The BBC has said that it intends to extend its online programme catch-up service, iPlayer, to Android mobile devices within the coming week.
The corporation says that it will deploy the service for Android users via the use of its in-house BBC Media Player facility – a secure technological application created by the corporation’s own Future Media division.
The BBC warns Android users, however, that the quality of the service may be compromised by its use of Adobe Air technology to power the app, rather than Adobe Flash. This, it says, is owing to Adobe’s ending of its support for the Android Flash Player earlier this year.
According to Chris Yanda, the iPlayer’s Executive Product Manager:
“No technology is perfect.

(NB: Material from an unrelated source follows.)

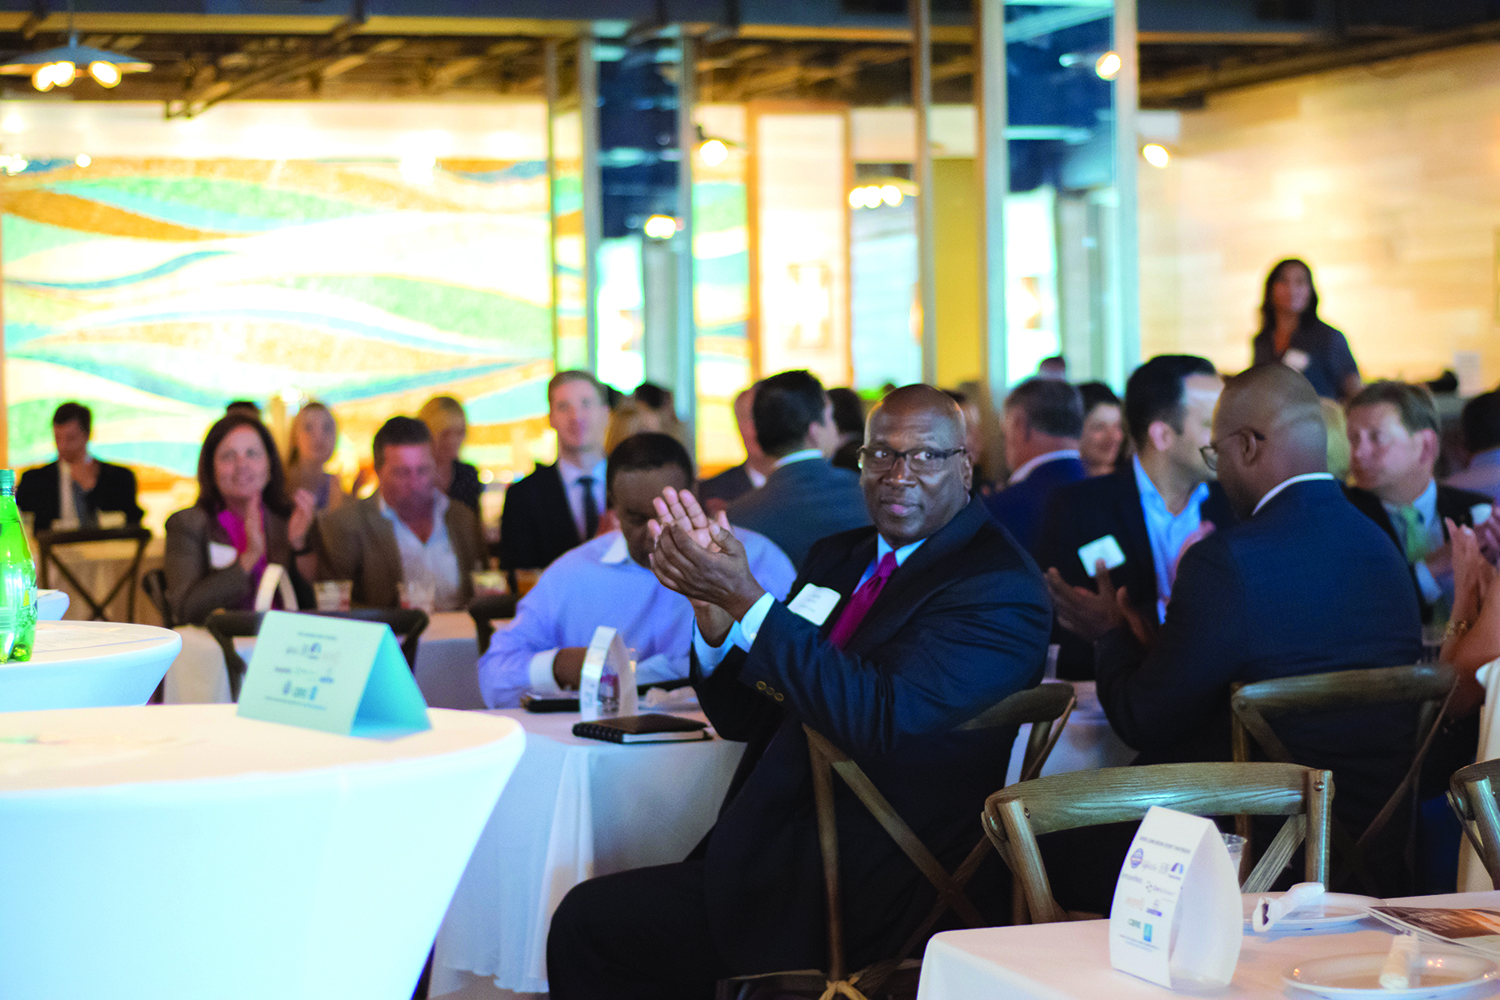 Members of the audience applaud during South Florida Executive Roundtable’s presentation

We’ve seen some of the challenges that other Adobe Air based apps have had in the marketplace and so we have worked hard […] to build the best application we can.”
Some commentators have pointed to a reluctance up until now on the part of the BBC to deploy iPlayer for Android, owing to the difficulty in developing an application which meets the demands of its rights holders. This is an issue which, it is said, the Corporation does not have in regard to iOS (iPhone).
Once the new Android app does get off the ground however, it will have the potential to reach a great many more viewers – given figures showing that 57.2 per cent of all UK smartphone sales during the second quarter of 2012 were attributable to Android – compared with just 25.6 per cent for the iPhone.